I agree! Imo you can't find a better food.


----------



## marilynmonroe

This is what I use to gut load my nightcrawlers, liquid zoe and shoot-up the worm. I got the syringe at the Pharm for about a $1.00.


----------



## Smoke

marilynmonroe said:


> This is what I use to gut load my nightcrawlers, liquid zoe and shoot-up the worm. I got the syringe at the Pharm for about a $1.00.


WoW


----------



## BRUNER247

DAMN bangn Zoe. Your hardcore!better watch it you'll give your fish AIDS doing that.


----------



## JeFFLo

marilynmonroe said:


> This is what I use to gut load my nightcrawlers, liquid zoe and shoot-up the worm. I got the syringe at the Pharm for about a $1.00.

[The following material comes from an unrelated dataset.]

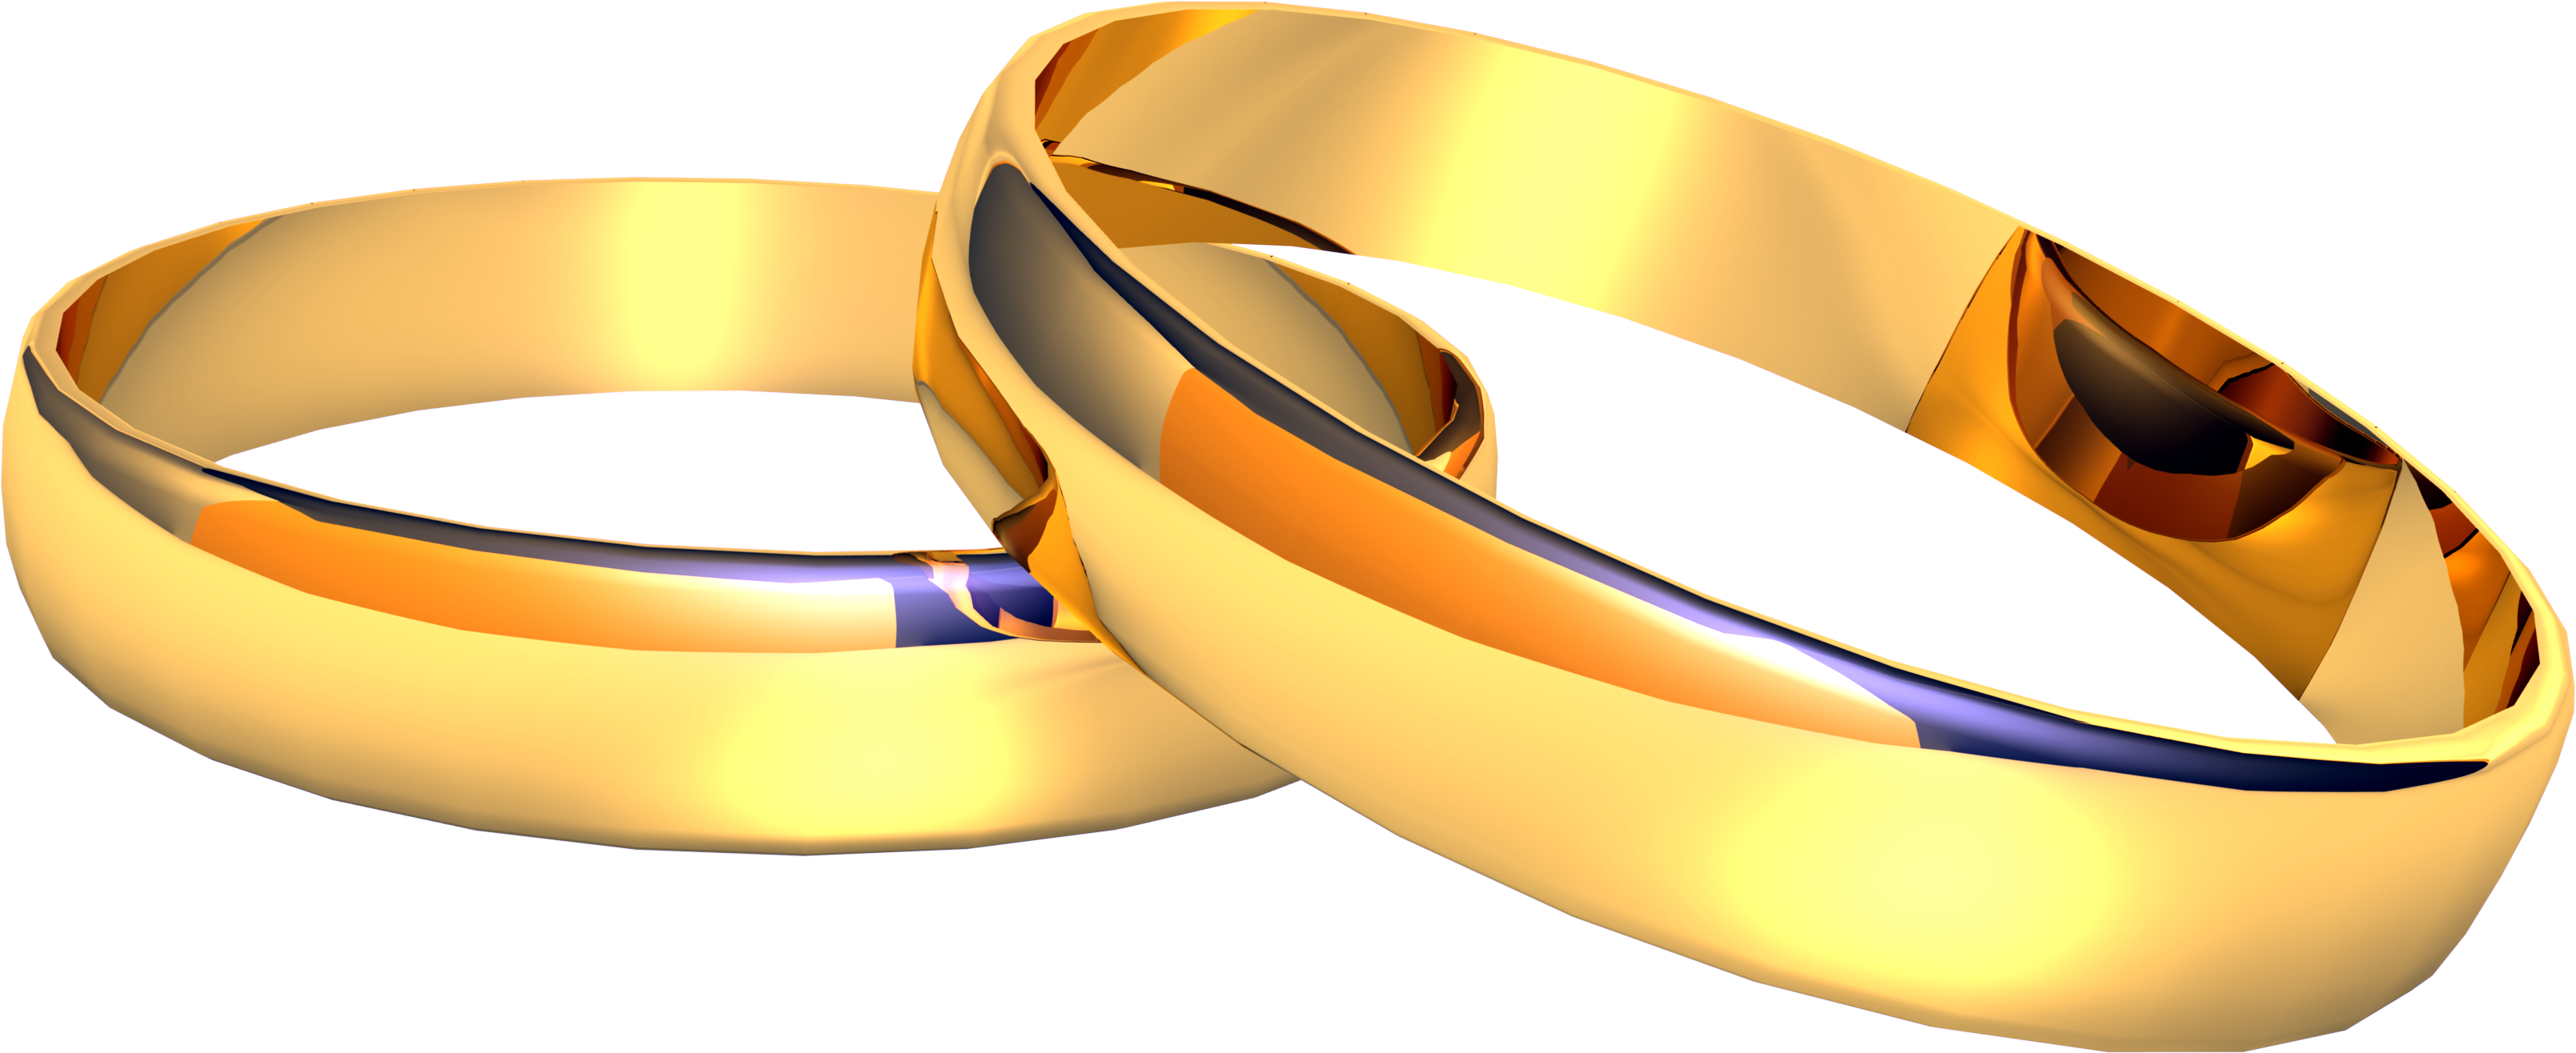 A Ring PNG - 160591
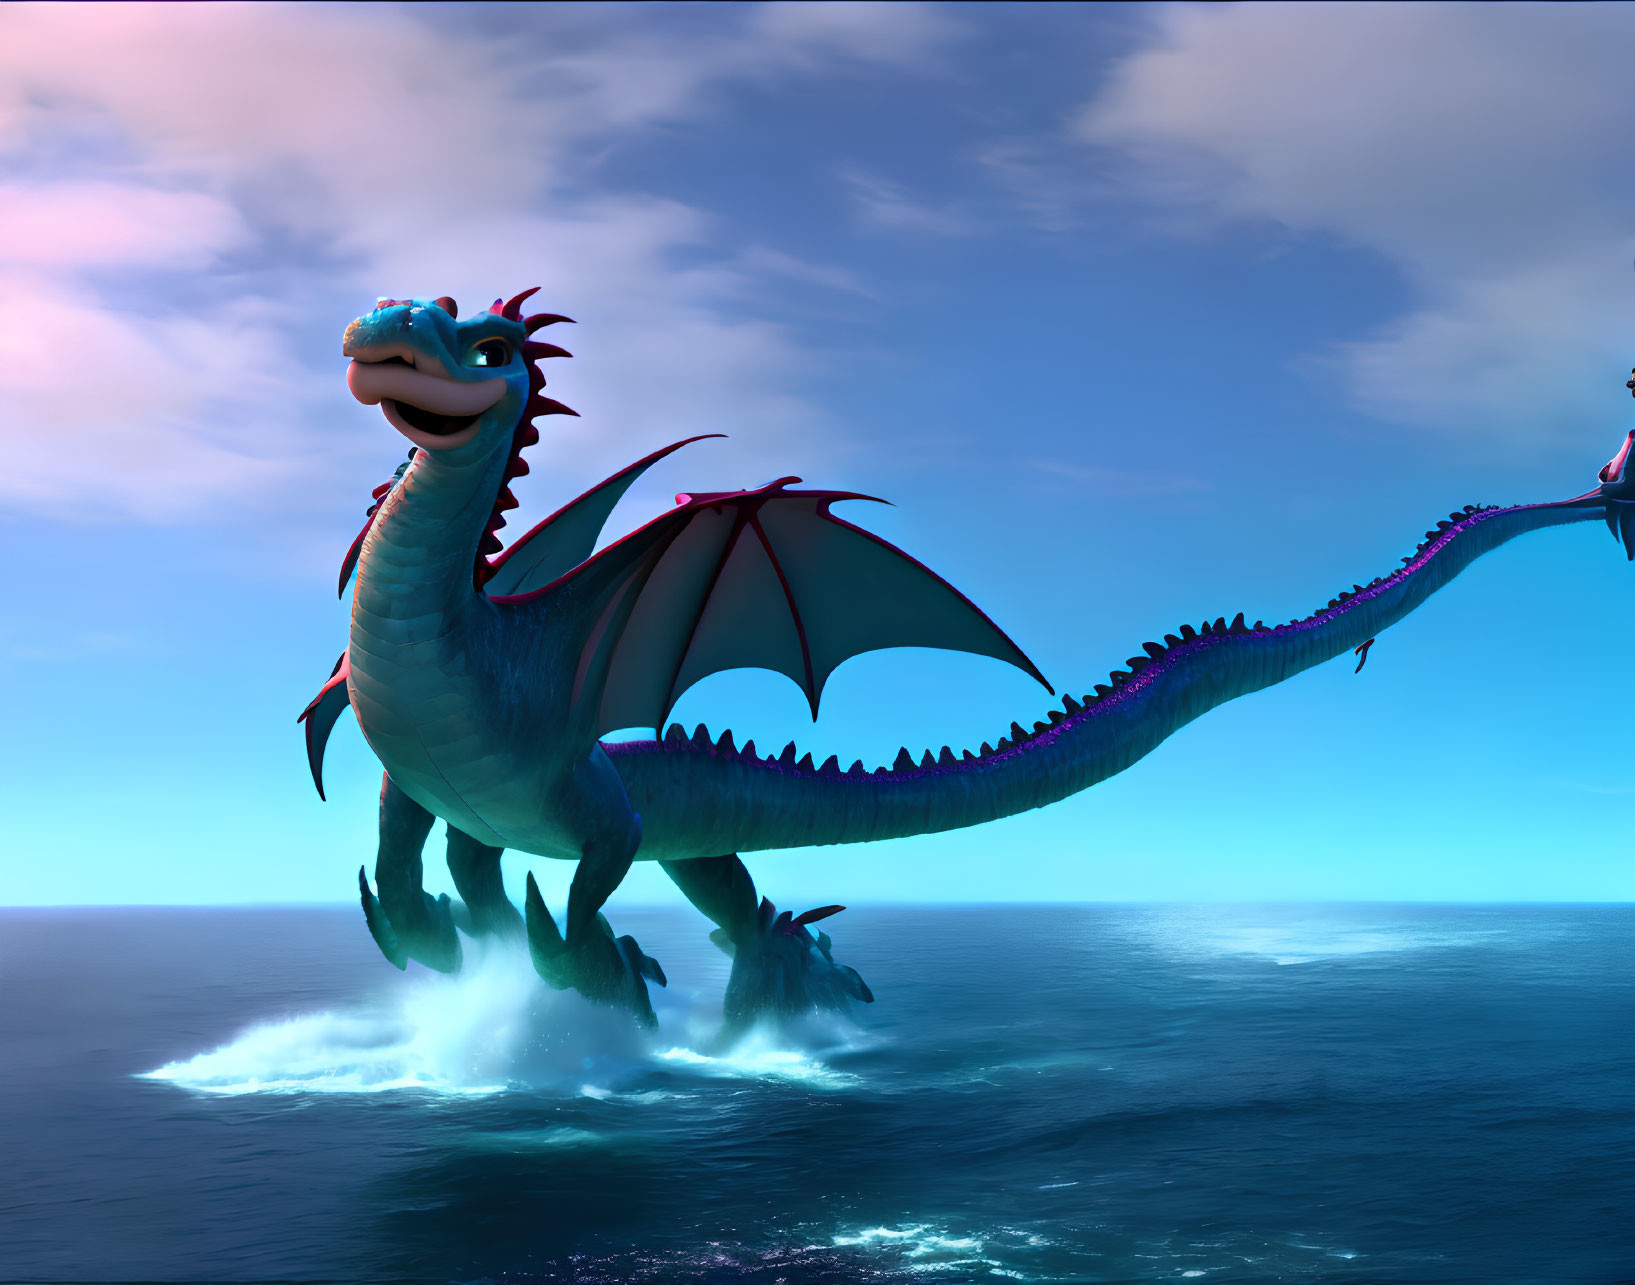 Blue-scaled animated dragon with red wings over ocean and clear sky

did you have to squeeze the liquid out of the nightcrawler before you shot it up with the zoe?


----------



## JeFFLo

ok so what i did was instead of stuffing em, i went out and bought hikari cichlid gold pellets, crushed them up and mixed it with the mulch that the nightcrawlers are in along with some veggies and a vitamin supplement. im not sure what effect this will have on the worms but i assume it could be nothing but beneficial. thanks for your guys' input


----------



## Inflade

marilynmonroe said:


> This is what I use to gut load my nightcrawlers, liquid zoe and shoot-up the worm. I got the syringe at the Pharm for about a $1.00.


excellent idea.


----------



## Redruckus

i know if you gut load worms with garlic they turn neon green/chartruse in a week or 2


----------



## Briaan

Could I mash some pellets in a sludge n shoot it into the worms? Or would the vitamin supp better?


----------



## JeFFLo

i thought about that too brian, it should work if the pellets are crushed up fine enough. let me know how it works out if you decide to try it.


----------



## Briaan

My idea is to make a sludge, but we will need a liquid, and instead of water i was thinking of usig the vitamin supplement? And finely grinded pellets (powder, the magic bullet or food processor would work) with vitamin supplement to make it sludgy(more liquidly, not so thick but not so liquidly) and then injected into a night crawler, best of both worlds, but I would think you need a thicker syringe, and a thicker needle or injecting would be more difficult then it should be.


----------